Court Opinion

ID: 7844149
Source: CourtListenerOpinion
Date Created: 2022-09-08 17:07:11.078989+00
Date Added: 2024-06-11T16:21:04.624798
License: Public Domain

CALLAHAN, J.,
dissenting. I cannot believe that the legislature in enacting General Statutes § 53a-54a, establishing extreme emotional disturbance as an affirmative defense, intended that a defendant would be entitled to a jury instruction on that defense when he explicitly disavowed the necessary state of mind. If, as the majority believes, there is case law that mandates a jury instruction under such circumstances, we should take the opportunity provided by this case to change it. Otherwise, the legislative mandate placing the burden of proof of extreme emotional disturbance upon the defendant is nullified. Certainly a defendant who testi*361fies, as did this defendant, that he was only “somewhat” upset, “[n]ot really” upset and not bothered by the termination of his relationship with the victim has not begun to prove extreme emotional disturbance by a preponderance of the evidence. The “term ‘extreme’ refers to the greatest degree of intensity away from the norm for that individual.” State v.
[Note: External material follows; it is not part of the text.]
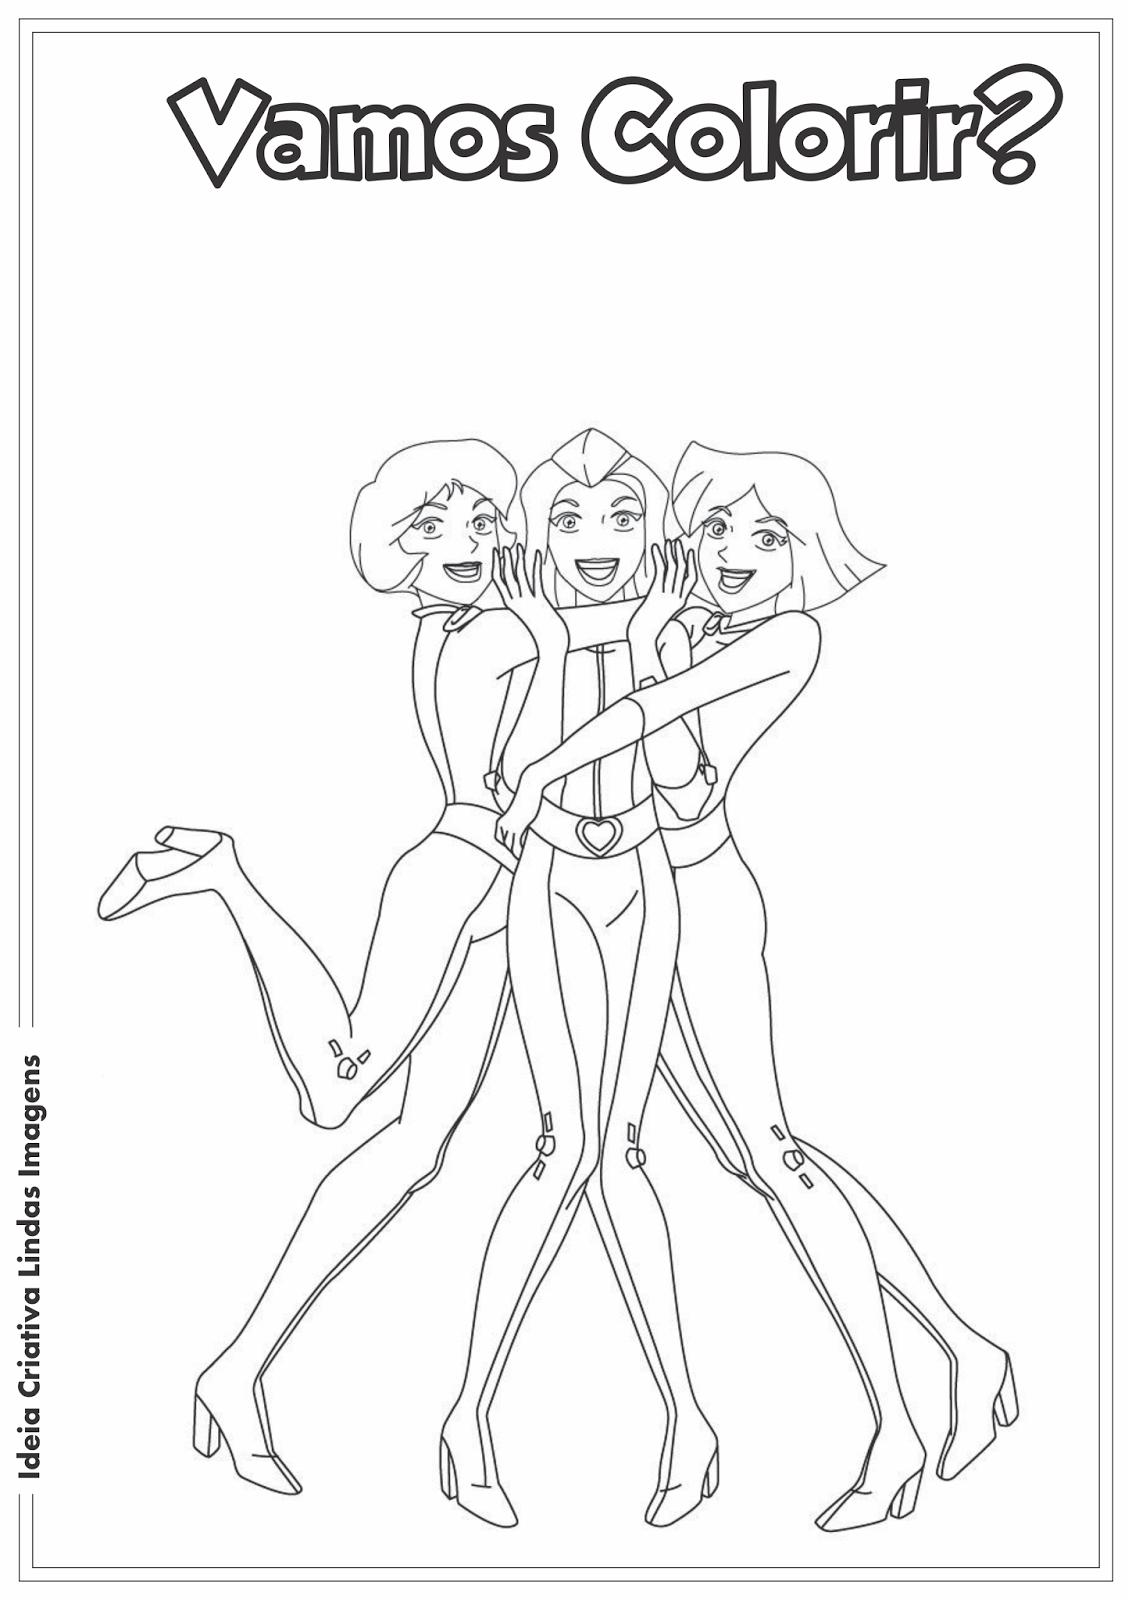 Ideia Criativa Lindas Imagens  Três Espiãs Demais Desenho Pra Colorir
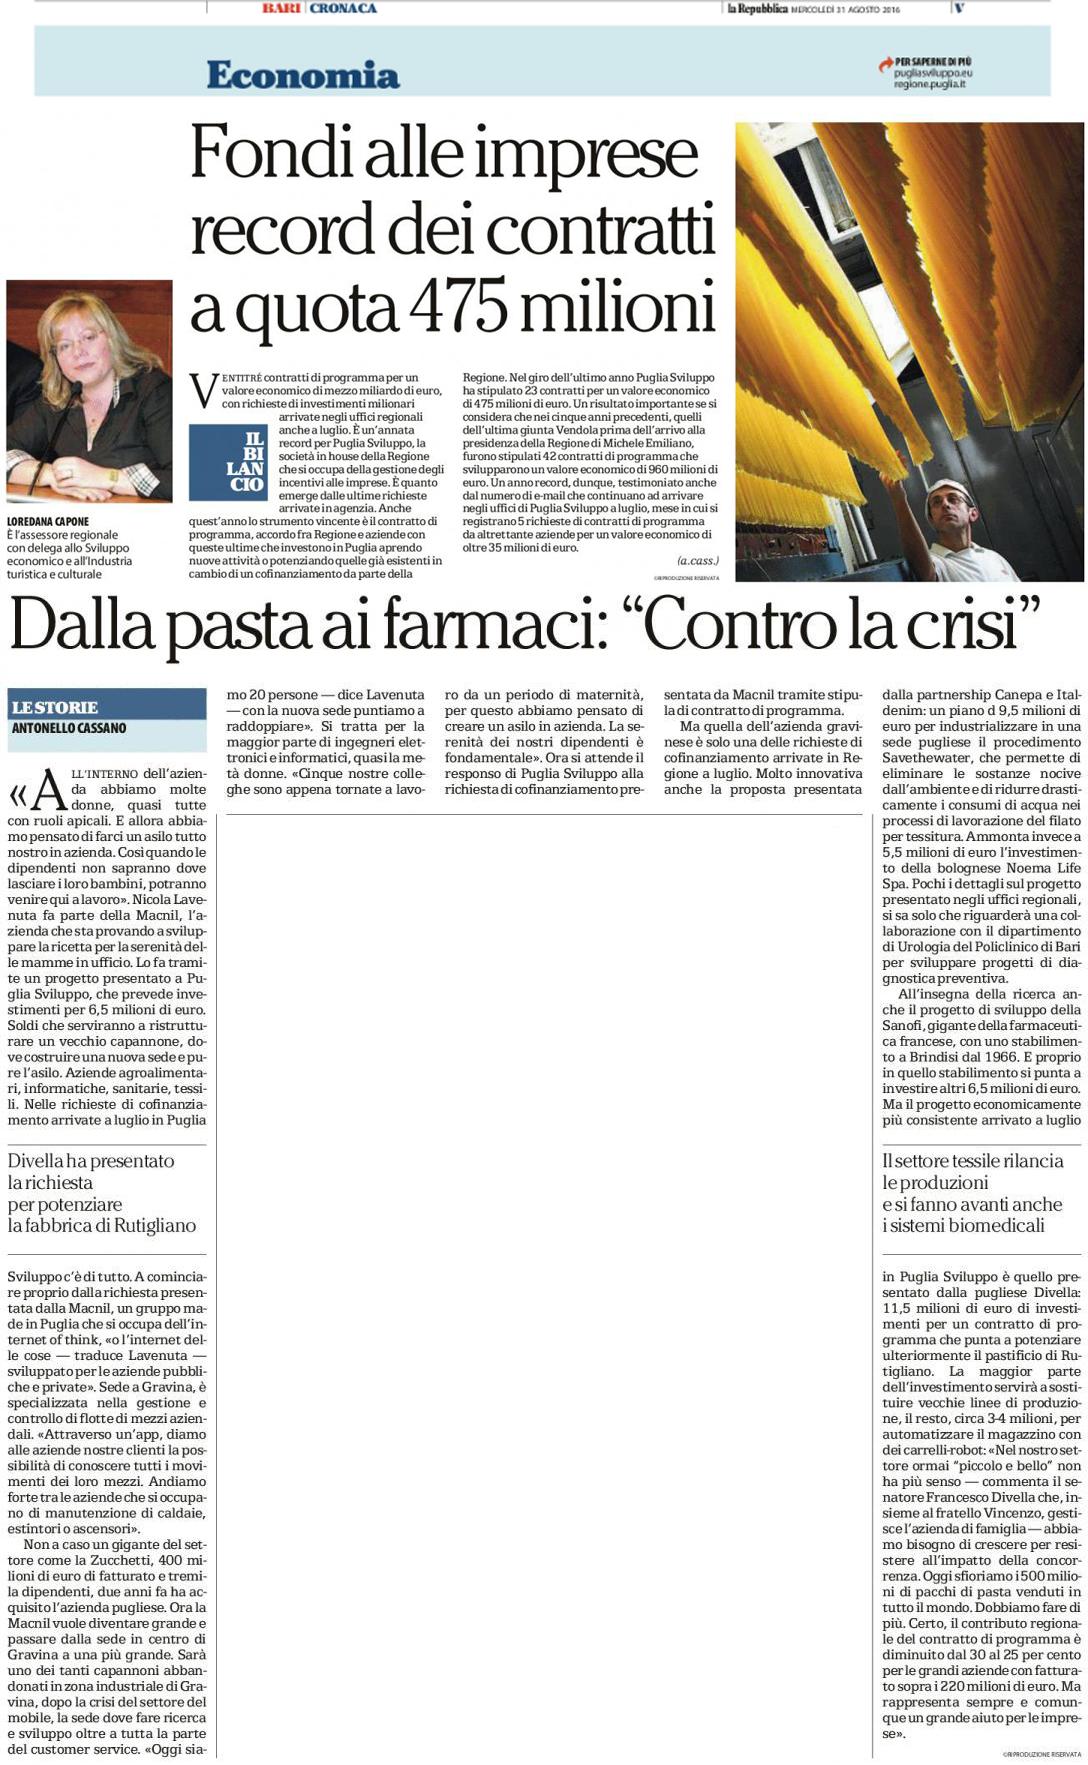 articolo_repubblica

Elliott, 177 Conn. 1, 10, 411 A.2d 3 (1979). Moreover, I cannot see how other evidence could override the defendant’s expression of his own subjective state of mind, which is the only issue germane to a defense of extreme emotional disturbance. This is not an insanity defense where a deranged defendant may himself deny being insane but produce expert testimony that would require the inclusion of an insanity instruction in the trial court’s charge. See General Statutes § 53a-13. If an express disavowal of extreme emotional disturbance does not foreclose an instruction on extreme emotional disturbance, then such an instruction should be given at the end of virtually every murder trial because such crimes rarely take place in an emotional vacuum. I do not think, however, that universal application of the defense was intended by the legislature. In sum, I would conclude that when a defendant disavows the state of mind necessary to constitute extreme emotional disturbance, he is not entitled to an instruction as to that mitigant.
Moreover, although there was evidence adduced at trial of circumstances that possibly could have caused a theoretical defendant to be extremely emotionally disturbed and even evidence that this defendant was upset at various times, there was no testimony that at the time that he killed the victim the defendant was extremely emotionally disturbed. The only testimony elicited as to that time frame was, in fact, to the contrary. I believe that the majority confuses evidence of conditions that could have caused the defendant to be extremely emotionally disturbed with evidence that he *362was, in fact, extremely emotionally disturbed when he killed the victim.1 The only testimony as to the defendant’s state of mind when he killed the victim was supplied by the defendant. His testimony was that at that time he was not extremely emotionally disturbed, that he was acting in self-defense and that while so acting he inadvertently killed the victim without any intention to do so.2 Testimony concerning the defendant’s emotional involvement with the victim and his perception that she was “doing him wrong” does not equate with extreme emotional disturbance when the defendant himself disclaims such a reaction. I would conclude that because the evidence at trial would not have permitted a jury reasonably to find that the defendant had proven extreme emotional disturbance by a preponderance of the evidence, a jury instruction on that defense was not warranted.
I would affirm the judgment of the Appellate Court.

 By so doing, the majority essentially establishes a per se rule that anyone who lolls a former girlfriend or boyfriend is entitled to a jury instruction on extreme emotional disturbance.

 The intent to cause death is itself a prerequisite to the defense of extreme emotional disturbance. See General Statutes § 53a-54a.